**** MATERIAL PROVIDED ****
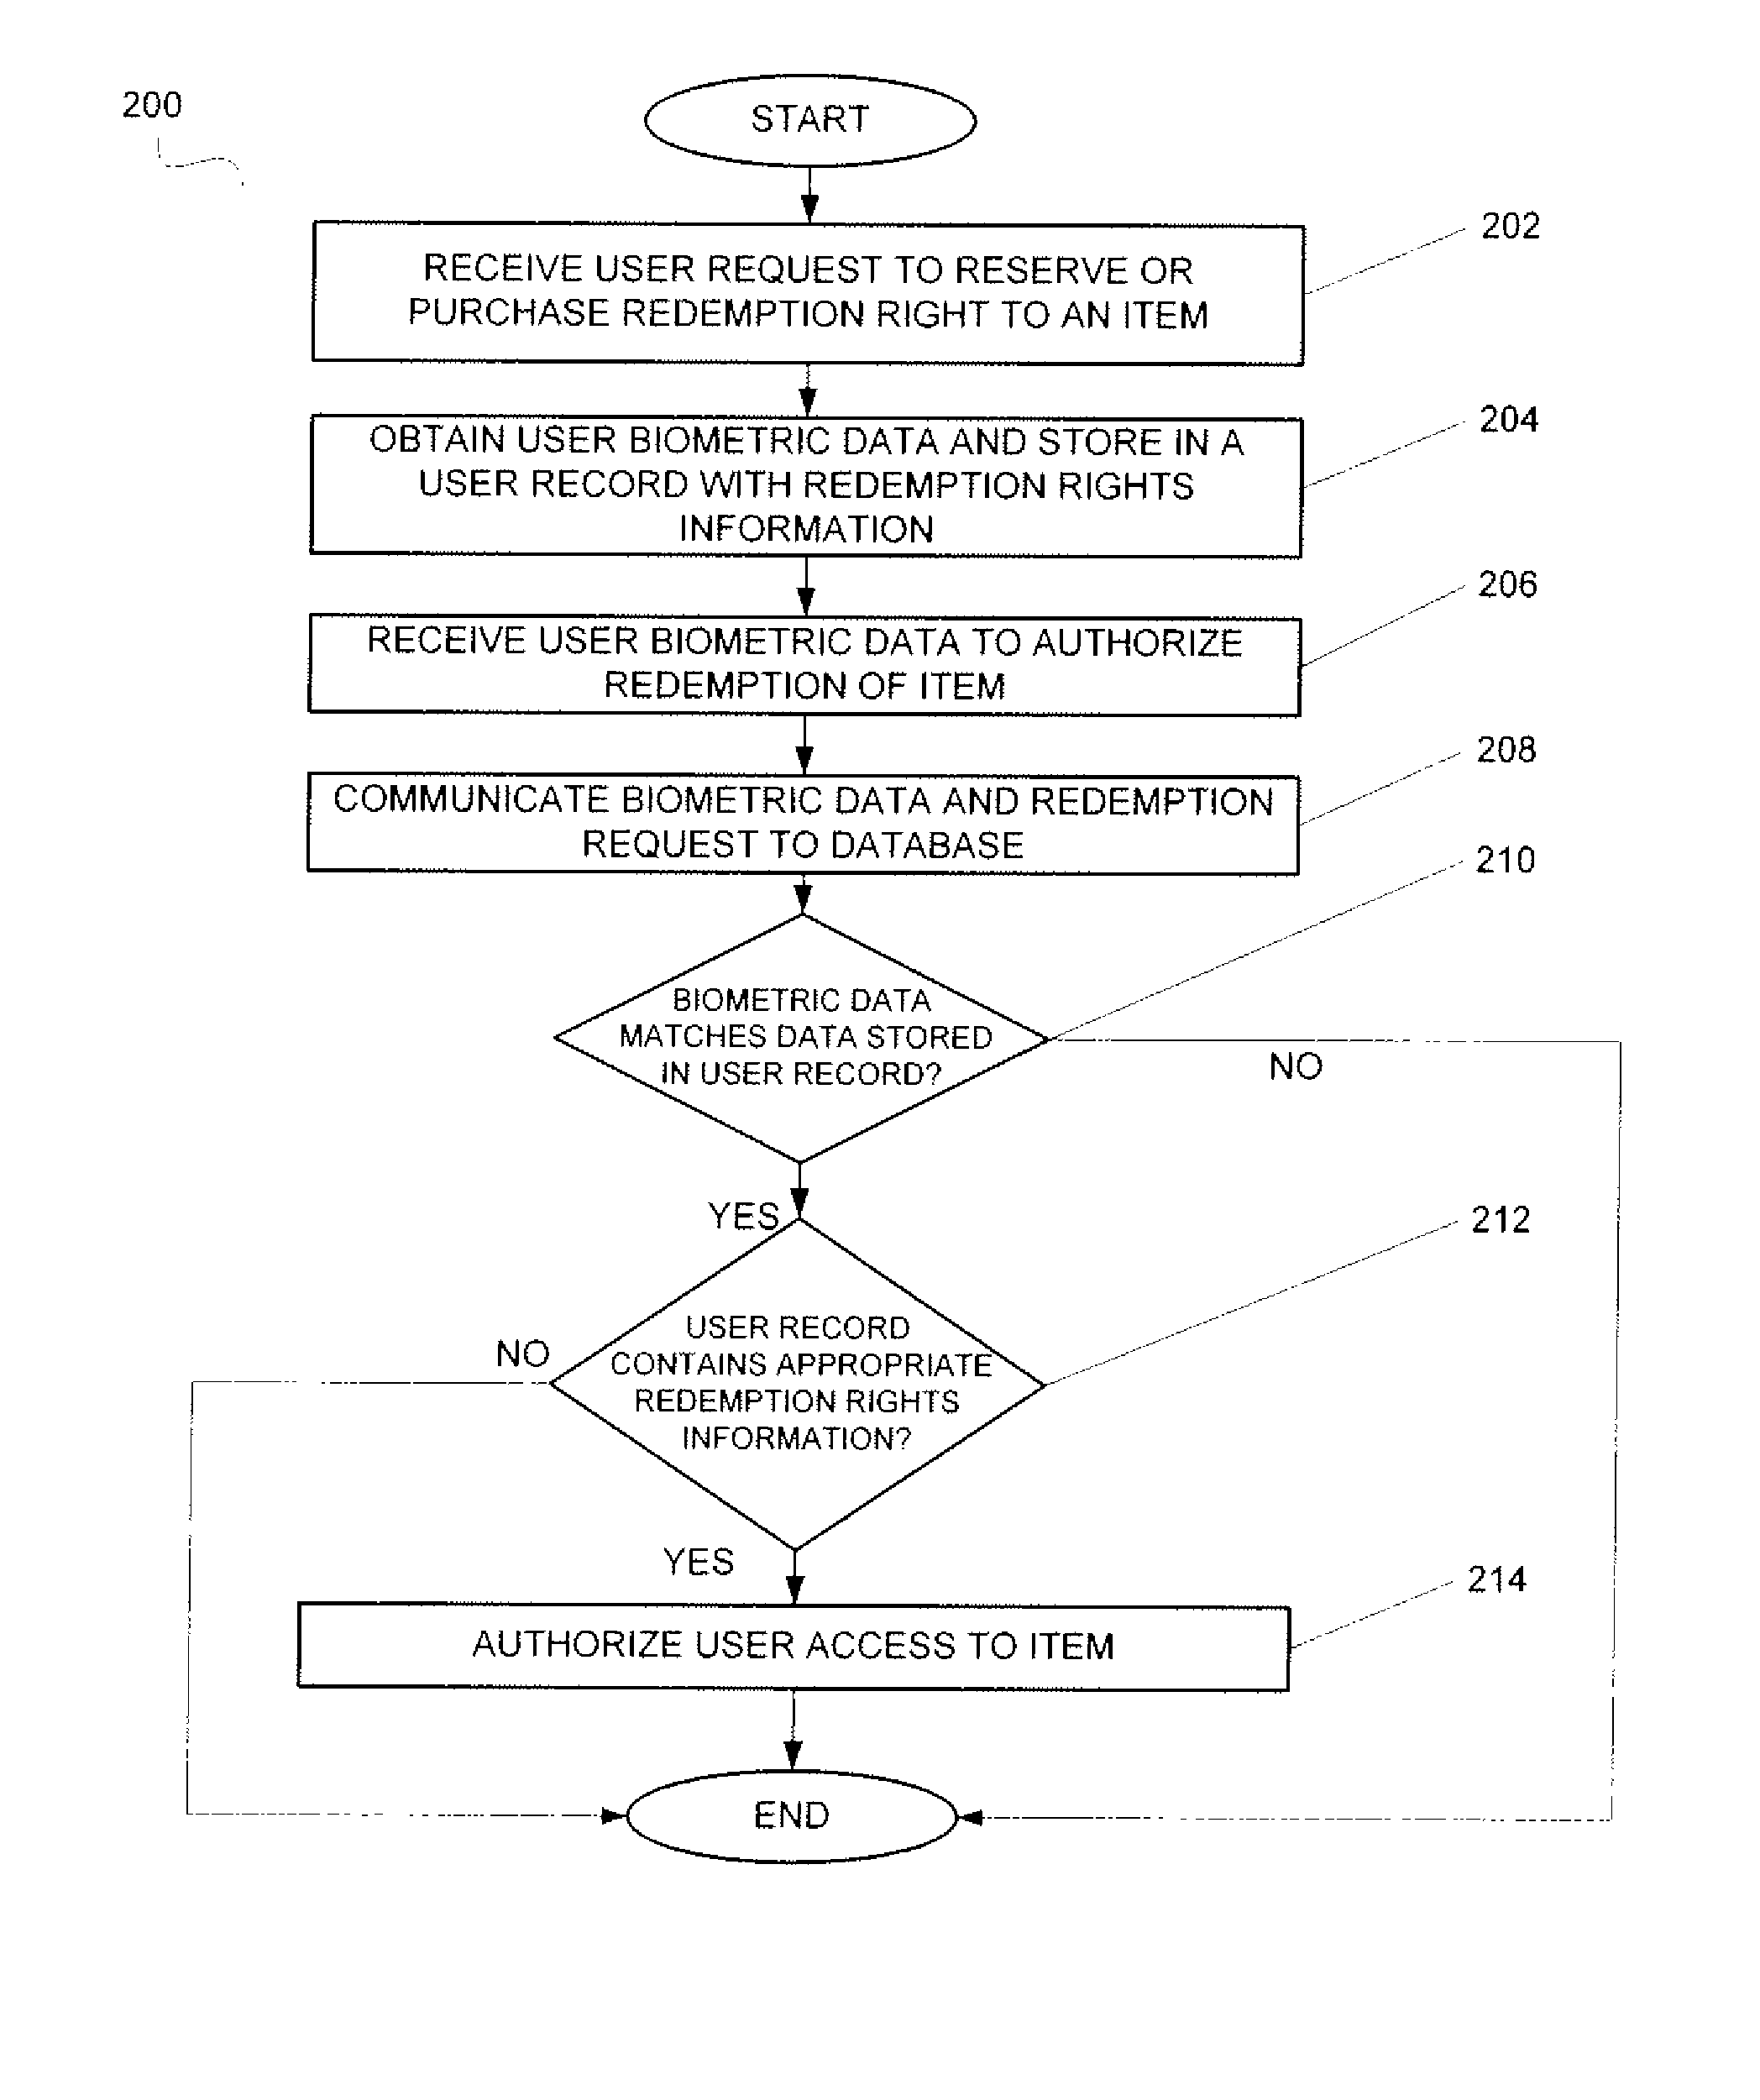 System and method for transferring biometrically accessed redemption rights
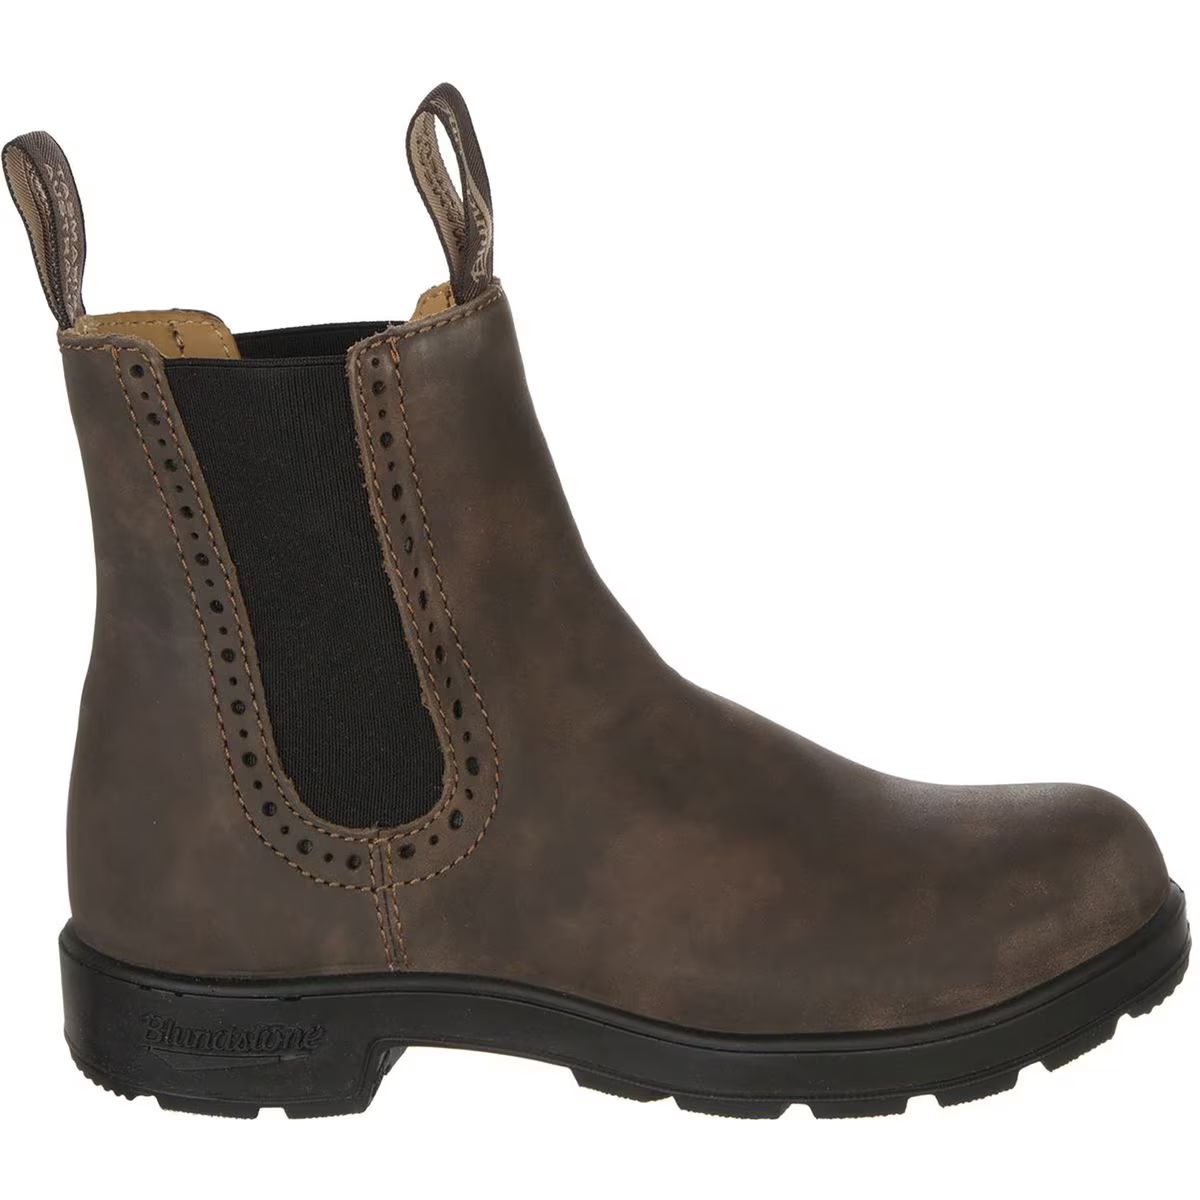 Blundstone High Top Boot - Women's | Backcountry
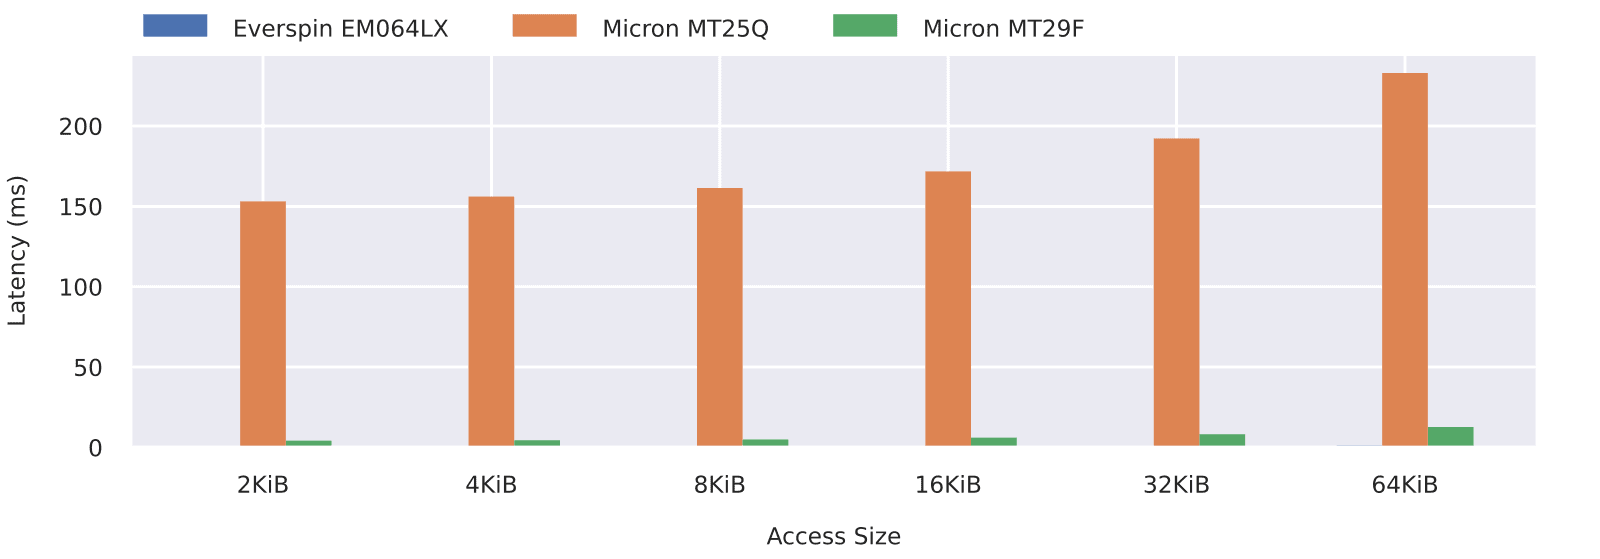 Bar graph of worst cast write latency versus access size benchmark results for the Everspin EM064LX MRAM, Micron MT25Q NOR Flash and Micron MT29F NAND Flash non-volatile memories.
****
YOUR GOAL
From the line that contains "Blundstone High Top" down to the last line of the material above, every line must be repeated exactly, with pictures removed and both end lines included.

RESPONSE
 Blundstone High Top Boot - Women's | Backcountry
 Bar graph of worst cast write latency versus access size benchmark results for the Everspin EM064LX MRAM, Micron MT25Q NOR Flash and Micron MT29F NAND Flash non-volatile memories.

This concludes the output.